* [What is being asked]
The needed output is the run of lines below from the one containing "Fill Between Strokes" through the one containing "Schedule a tour", copied exactly and free of pictures.

* [Data]
####################

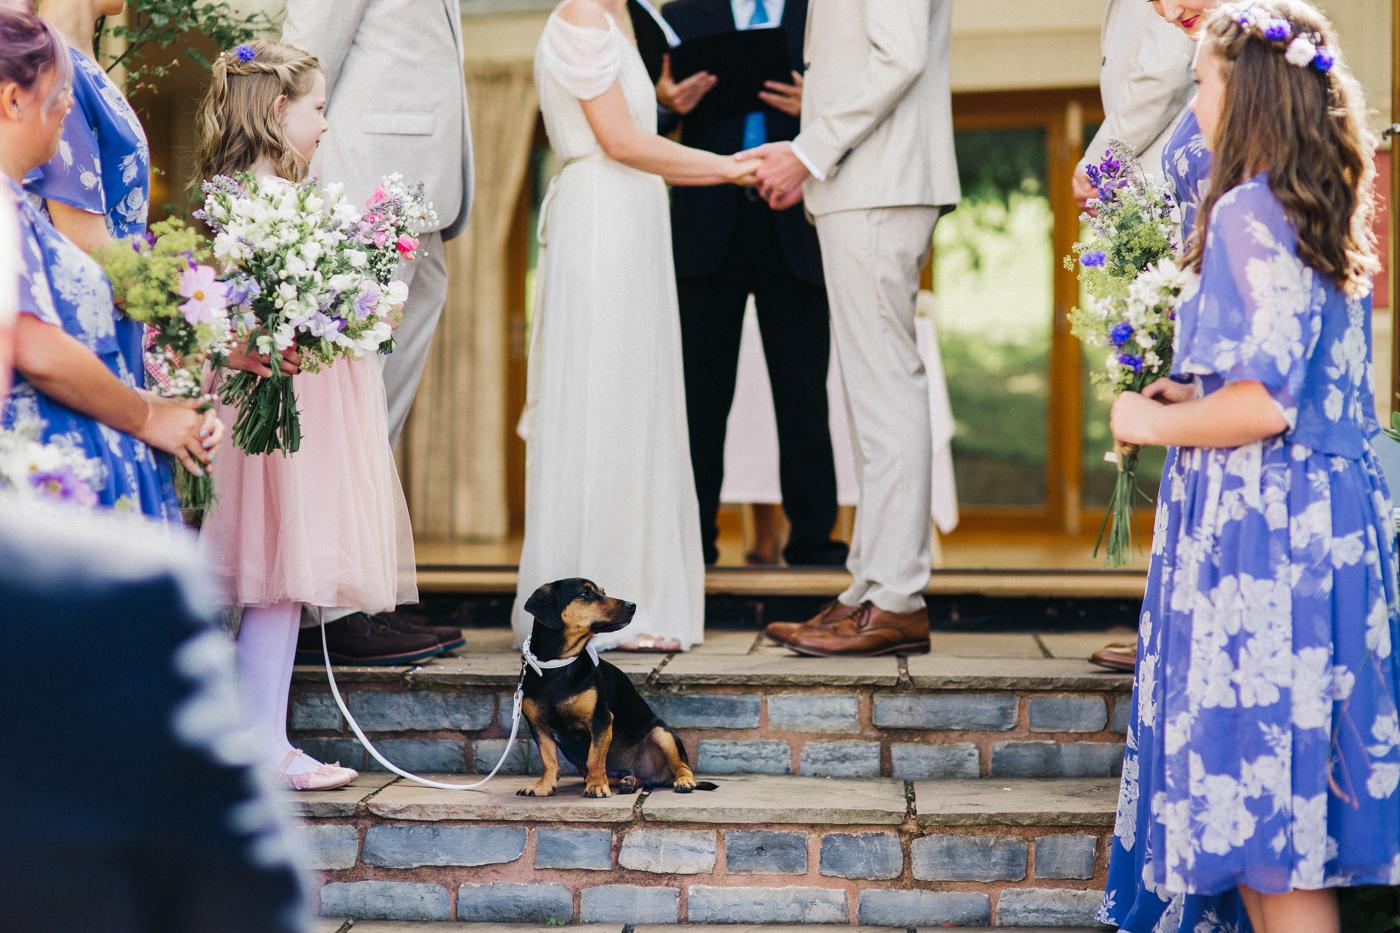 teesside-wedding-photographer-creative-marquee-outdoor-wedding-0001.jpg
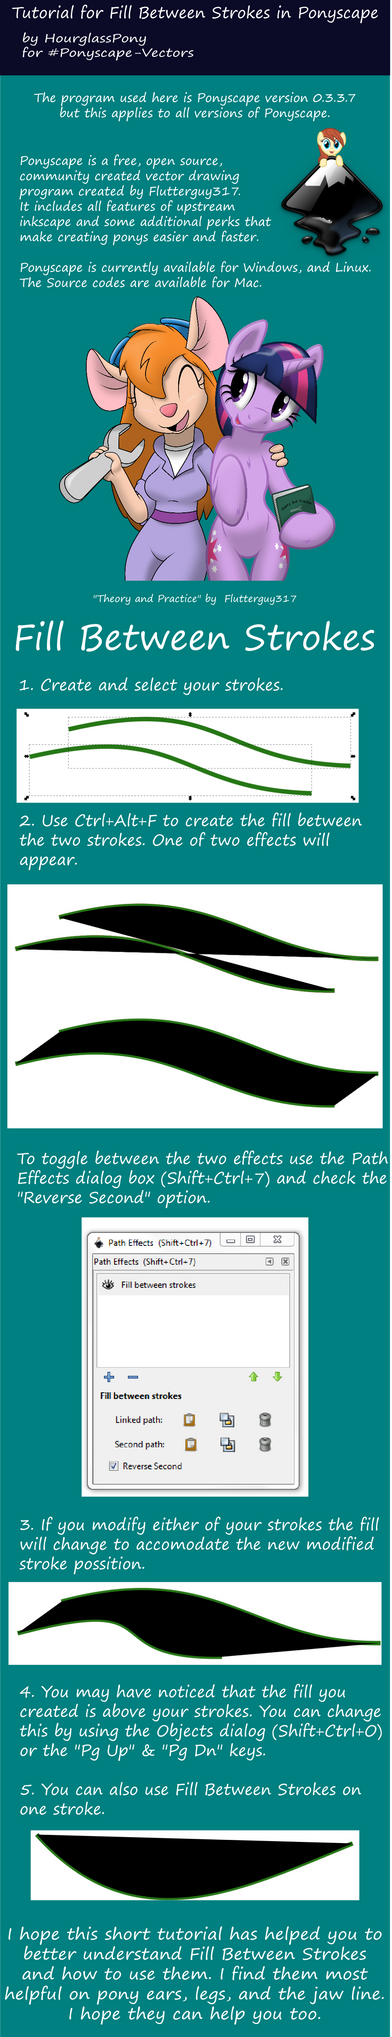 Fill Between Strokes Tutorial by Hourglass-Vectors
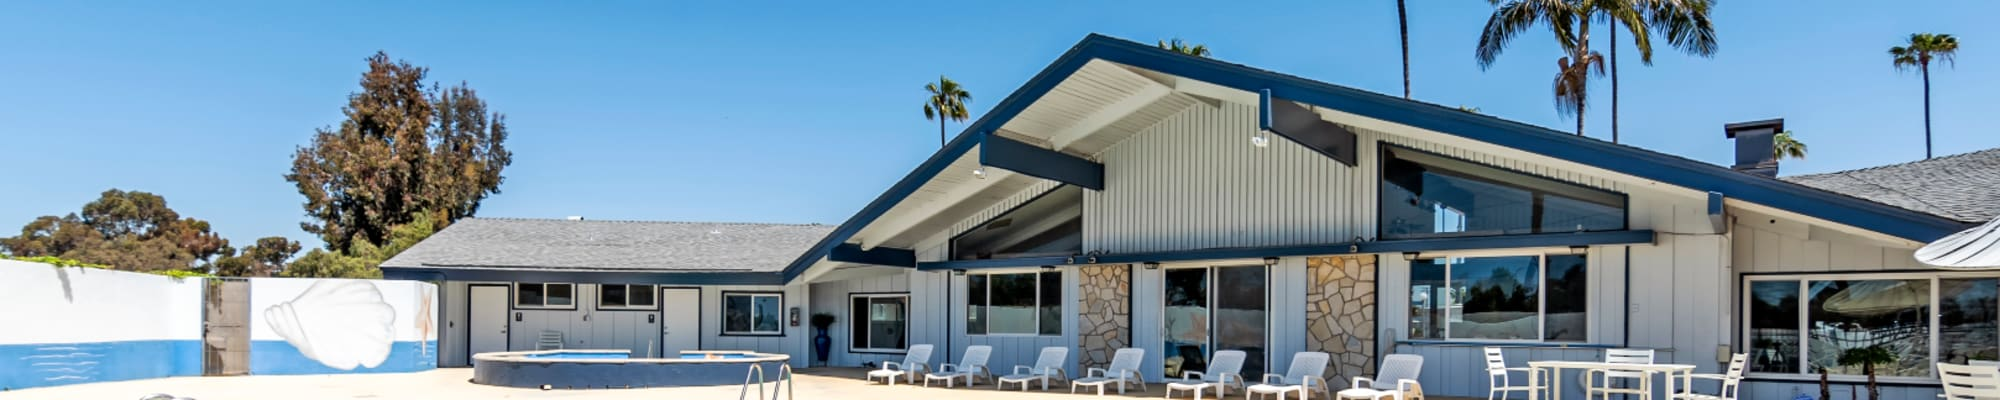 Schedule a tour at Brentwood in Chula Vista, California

####################

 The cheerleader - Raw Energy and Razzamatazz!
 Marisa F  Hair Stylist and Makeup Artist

####################

* [Solution]
 Fill Between Strokes Tutorial by Hourglass-Vectors
 Schedule a tour at Brentwood in Chula Vista, California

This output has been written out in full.